About the Author(s)


Waleed Alghamdi symbol
Department of Optometry, College of Applied Medical Sciences, Qassim University, Buraidah, Saudi Arabia

Godwin O. Ovenseri-Ogbomo Email symbol
Department of Optometry, Faculty of Life Sciences, University of Benin, Benin, Nigeria

Citation


Alghamdi W, Ovenseri-Ogbomo GO. The prevalence and causes of visual impairment in Dariyah, a rural community in Saudi Arabia. Afr Vision Eye Health. 2021;80(1), a579. https://doi.org/10.4102/aveh.v80i1.579

Original Research

The prevalence and causes of visual impairment in Dariyah, a rural community in Saudi Arabia

Waleed Alghamdi, Godwin O. Ovenseri-Ogbomo

Received: 21 May 2020; Accepted: 04 Apr. 2021; Published: 09 July 2021

Copyright: © 2021. The Author(s). Licensee: AOSIS.
This is an Open Access article distributed under the terms of the Creative Commons Attribution License, which permits unrestricted use, distribution, and reproduction in any medium, provided the original work is properly cited.

Abstract

Background: Visual impairment is disproportionately distributed between rural and urban dwellers. Rural dwellers have limited access to the eye care services that are available in urban cities.

Aim: The aim of this study was to determine the prevalence and causes of visual impairment in Dariyah, a rural community in the Qassim region, Saudi Arabia.

Setting: This research comprised a population-based assessment of the vision and visual status of the inhabitants of Dariyah community.

Methods: A cross-sectional descriptive study was conducted amongst the inhabitants of the community of Dariyah. A comprehensive eye examination consisting of visual acuity, ocular health examination, objective and subjective refraction was performed. The examinations were conducted by registered ophthalmologists and optometrists from the Qassim University. Vision impairments were categorised according to the International Classification of Diseases (ICD), Section 9D90, ‘Vision impairment including blindness’ (2018).

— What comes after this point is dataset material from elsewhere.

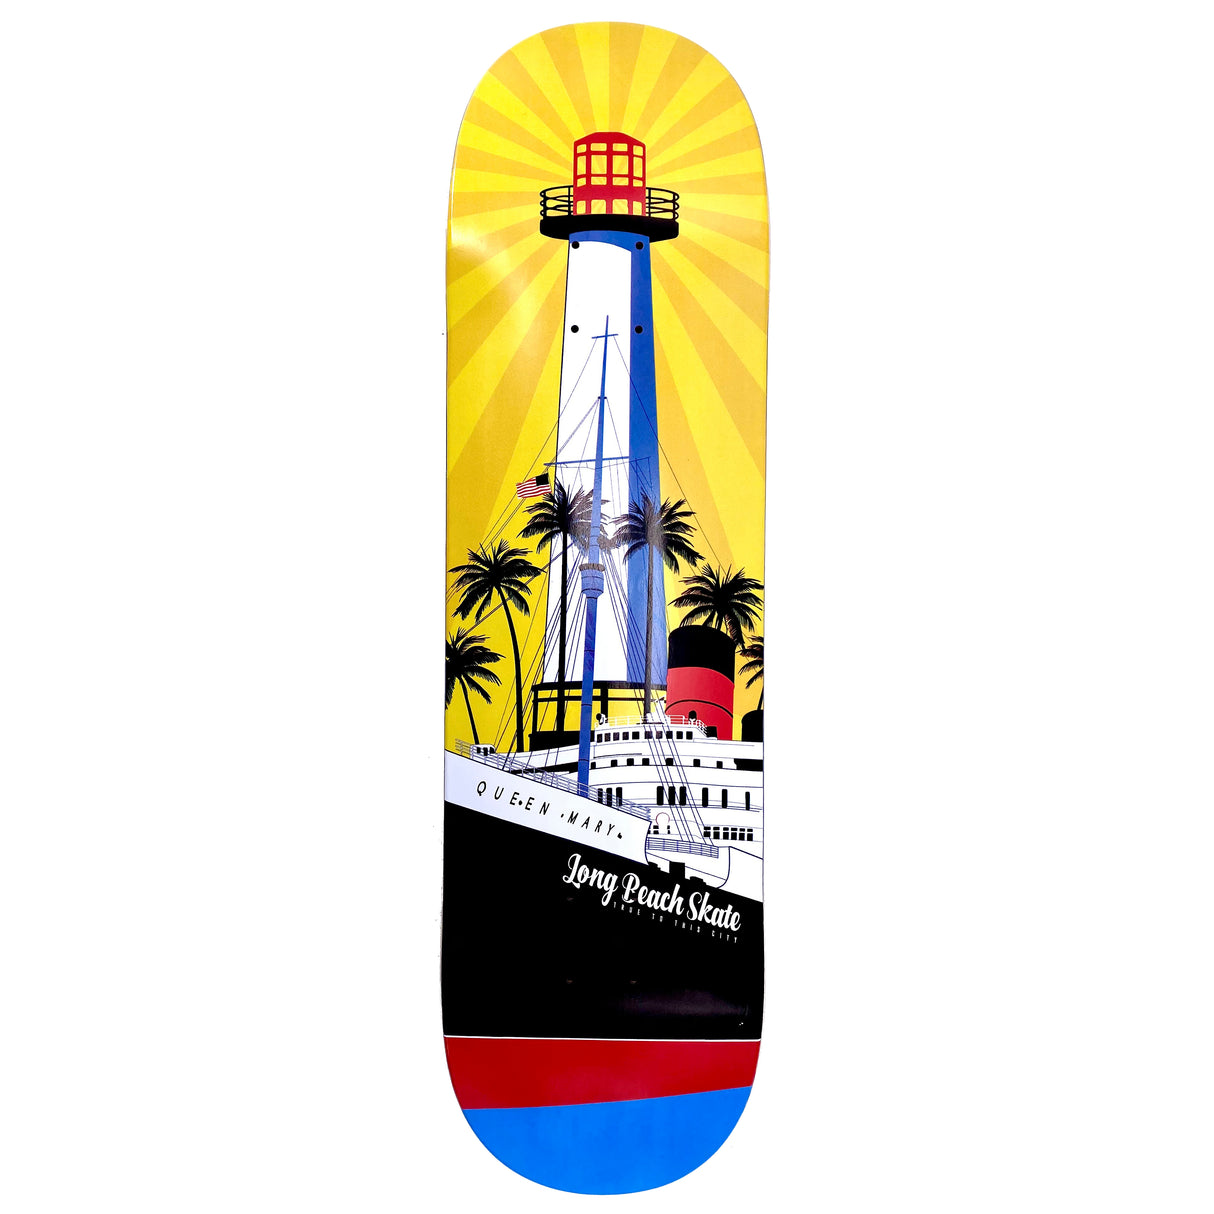 Long Beach Skate Co. "Rising Sun on Light Mary" Gold Red Blue 7.5" Skateboard Deck

Results: In all, 68 (24.5%) participants had vision impairment (using the better-seeing eye), with refractive errors being the main cause of vision impairment. Other causes of vision impairment included cataract (20, 7.2%), trichiasis (5, 1.8%) and glaucoma (2, 0.7%). Refractive errors were present in 193 (69.7%), with astigmatism being the commonest refractive error. About 60% of those with refractive errors presented without spectacles for correction, and 20% reported that they had never had an eye examination. Refractive errors could not be determined in 19 (6.9%) of the subjects because of conditions such as matured cataract and other ocular abnormalities.

Conclusion: Uncorrected refractive error was found to be the leading cause of vision impairment in this rural community in Saudi Arabia.

Keywords: refractive errors; myopia; astigmatism; cataract; vision impairment.

Introduction

Refractive errors are a common cause of visual impairment globally; hence this was one of the priority conditions targeted in the global initiative for the elimination of avoidable blindness, Vision 2020: the Right to Sight Initiative.1 The presence of uncorrected refractive errors in a given population could serve as an indicator for evaluating the availability of and access to eye care. This is because refractive error is the cause of visual impairment that is most amenable to prevention, as there is a cost-effective intervention. Refractive error is one of the commonest causes of visual impairment and the second leading cause of blindness after cataract.2 An estimated 153 million people are reported to be visually impaired globally, of whom 8 million are blind (using the World Health Organization definition).3 The authors indicated that uncorrected refractive errors can hamper performance at school, reduce employability and impair quality of life, and they drew attention to the public health significance of refractive errors. Using the data from five studies in the Eastern Mediterranean region, Resnikoff et al.3 estimated that 3.2 million people (a prevalence of 1.2%) have uncorrected refractive errors. Vast differences exist in the prevalence of visual impairment attributable to uncorrected refractive errors between rural and urban areas. This could be a result of the level of awareness of the problem, the availability of refractive error services in urban areas relative to rural areas and the unequal educational status between rural and urban dwellers. Studies on refractive errors in Saudi Arabia have largely been hospital based or reported for urban dwellers or amongst school-children in the cities.4,5,6,7 A recent review of published and other official reports from the National Committee for the Prevention of Blindness have indicated a large variation in the prevalence of visual impairment in Saudi Arabia over a 40-year period.8 The study indicated that over the period of the review, cataracts remained the leading cause of blindness in Saudi Arabia.

Despite the high budget of over $20.1 billion for health in 2019 in the Kingdom of Saudi Arabia (representing 6.82% of the annual budget),9 eye care services aimed at preventing visual impairment are still inadequate. The country report provided by the International Agency for the Prevention of Blindness (IAPB) indicated that there are 1778 ophthalmologists (60 per million), 555 optometrists (19 per million) and 280 allied ophthalmic personnel (9 per million) in Saudi Arabia as of 2015 data.10 The majority of these eye health workers provide services in large cities, leaving a huge unmet eye care need in the rural areas.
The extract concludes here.